"Phrases in English" Home

Changes:

"Phrases in English" (PIE) and the British National Corpus

The British National Corpus (BNC) is a carefully-selected collection of 4124 contemporary written and spoken English texts, primarily from the United Kingdom.  The corpus totals over 100 million words and covers a representative range of domains, genres and registers. The entire corpus has been analyzed and marked up with part of speech (PoS) tags. Provenance and other attributes are carefully documented for each text. "What is the BNC?" provides a succinct overview of the corpus;  for an exhaustive description, consult the British National Corpus Users Reference GuideChapter 1 of Guy Aston and Lou Burnard's BNC Handbook includes an informative survey of possible uses of corpora in general and of the BNC in particular.  Additional useful information and resources (including various frequency lists with more refined PoS tagging) are found on the companion website for Word Frequencies in Written and Spoken English based on the British National Corpus by Geoffrey Leech, Paul Rayson and Andrew Wilson.  The introduction includes a very readable discussion of how the corpus was tokenized and tagged.

PIE incorporates a database derived from the second or World Edition of the BNC (2000), but is not affiliated with the BNC Consortium. It aims to provide a simple yet powerful interface for studying words and phrases up to eight words long appropriate for both experienced researchers and novice users.  For investigating words in longer contexts, the full BNC corpus and Xaira search and analysis software is available on CD-ROM from the BNC Consortium (a single user license costs only £ 75).  Alternatively, one can look up individual words and phrases online.

To understand and interpret the datasets produced here and to compare them to results of direct queries to BNC, please read how and why the original data were normalized to build the PIE database.

What can PIE do?

Explore the distribution of words and phrases in English via various query interfaces:

Each query returns datasets in "chunks" of up to 100,000 items, and queries can be repeated until all matching data have been retrieved.  Results can be ordered alphabetically, by frequency or by PoS tag.

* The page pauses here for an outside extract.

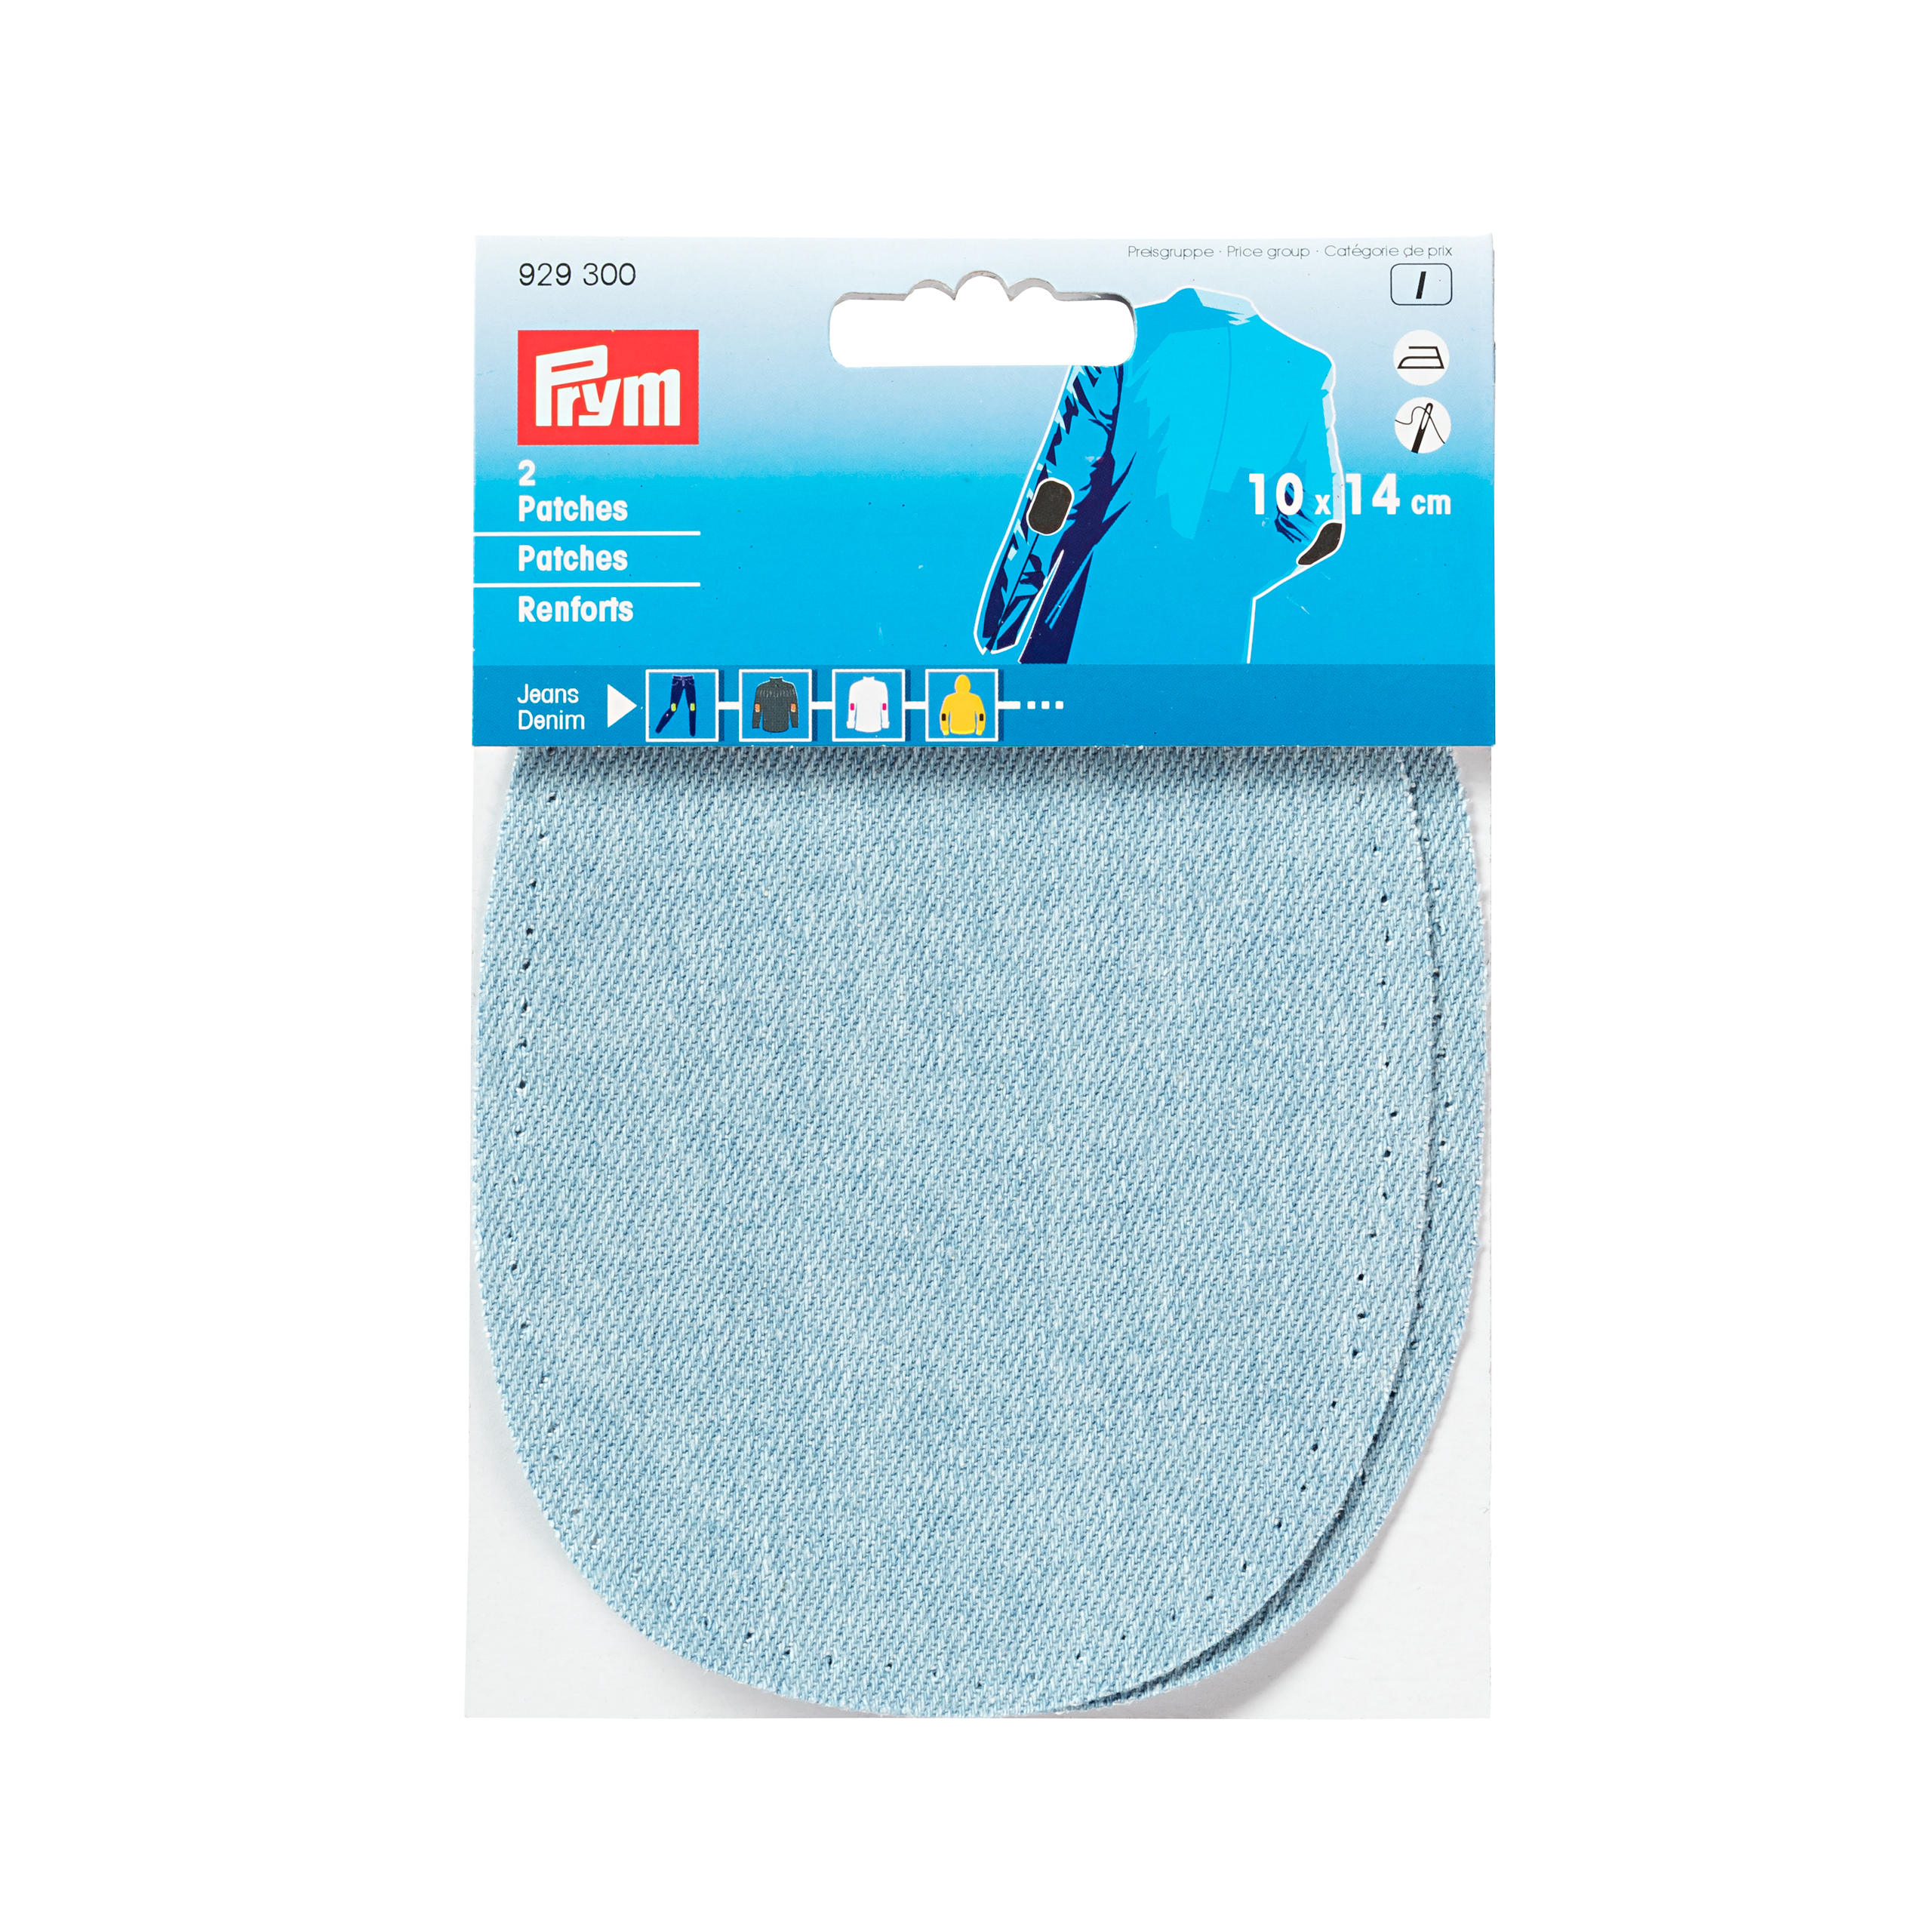 Patches denim for ironing/sewing on 10 x 14 cm light blue, 2 St

For focused studies, users can "filter" results for specific word-forms and / or word-classes which a query must match or exclude.  All query interfaces offer full support for wildcards.  A click on any phrase brings up example concordances from the BNC.  Details are found in the tutorials.

Sample uses of filters include searches for... click description to show actual query

This site also supports querying with regular expressions and downloading an entire dataset matching a query in tabbed format for import into a database. Ultimately tools developed for KWiCFinder and kfNgram will permit browsing and analysis of the datasets via a graphical user interface on the PC. Slight modifications to data normalization conventions may result in minor discrepancies in frequencies reported for the two versions of the database. Major changes to this site will be announced on the Corpora, Linguist and Corpus Linguistics and Language Teaching lists. 

Acknowledgements

First and foremost* this site owes its very existence to the monumental achievement of the BNC development team. After months of reading and re-reading every bit of documentation and rooting around in the SGML-encoded data I have profound respect and gratitude for their efforts and accomplishments. We all look forward to future updates to the corpus. [*234 occurrences in the BNC ]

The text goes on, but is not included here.